Sayangnya, banyak pihak yang menghalangi niatan Kartini dengan banyak alasan. Menteri Pendidikan Hindia Belanda, Jacques Abendanon, misalnya, membujuk Kartini bersekolah di Batavia saja agar bisa menjadi guru untuk sekolah yang rencananya dibuka di Jepara. Kartini akhirnya menyetujui rencana ini dan mengajukan proposal beasiswa bersama adiknya, Roekmini, pada April 1903.
Abendanon berhasil meloloskan proposal itu pada Juni 1903 seturut restu orang tua Kartini. Namun, saat persetujuan kolonial keluar, datang secara tiba-tiba rencana pernikahan Kartini dengan Bupati Jepara Raden Mas Ario Djojo Adiningrat. Penyusun "Kartini: The Complete Writings 1898- 1904", Joost Cote, menilai, pernikahan itu kemungkinan adalah upaya kolaboratif antara pihak kolonial dan keluarga besar untuk menahan keinginan Kartini. Paman Kartini yang menjabat bupati Demak, RMAA Hadiningrat, memang kerap melobi pihak kolonial untuk menyangkal keinginan Kartini menempuh pendidikan lebih lanjut.
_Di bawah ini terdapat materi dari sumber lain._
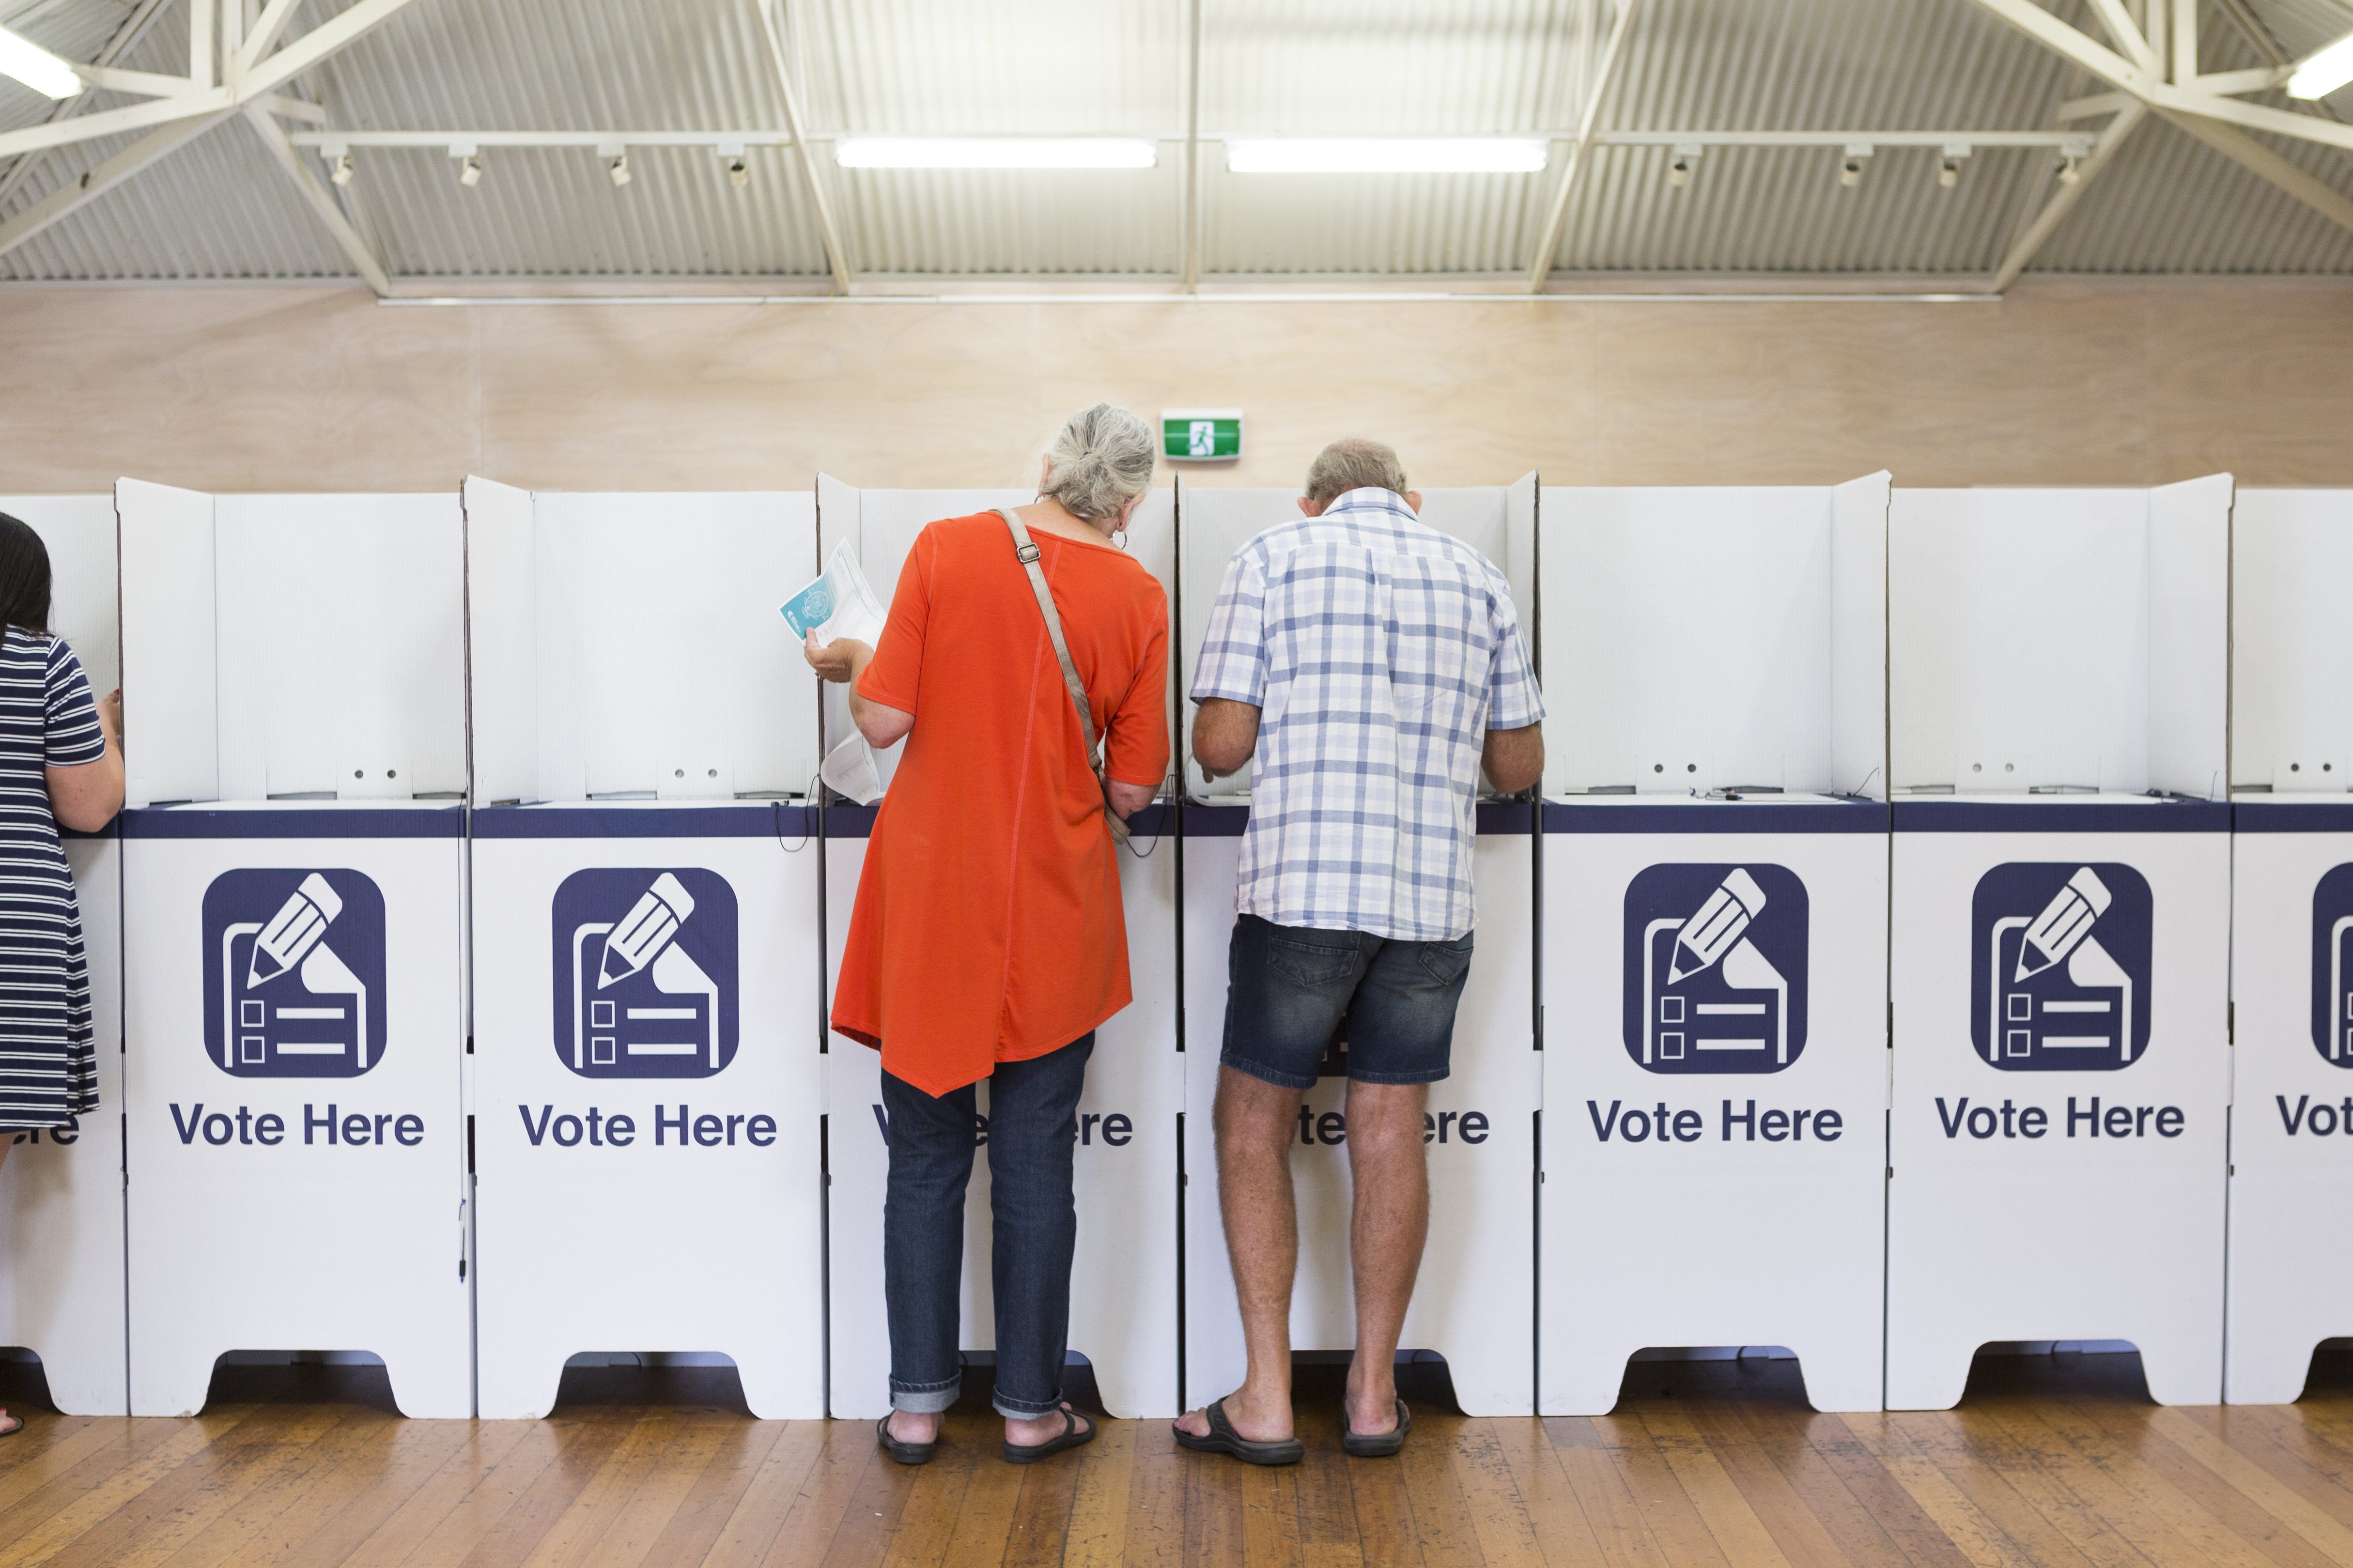 Election day in Batemans Bay, voters turn out and take part

Namun, dari nelangsa yang ia ceritakan dengan detail dalam suratnya itu, muncul hikmah lain. Kepada Rosa Abendanon, pada surat tertanggal 24 Juli 1903, Kartini menceritakan seorang muda bernama Salim. Tak jelas betul bagaimana Kartini mengetahui perihal pemuda tersebut. Namun, menurut Kartini, pemuda itu adalah seorang Sumatra asal Riau yang baru saja lulus dengan nilai terbaik di HBS tempatnya menimba ilmu.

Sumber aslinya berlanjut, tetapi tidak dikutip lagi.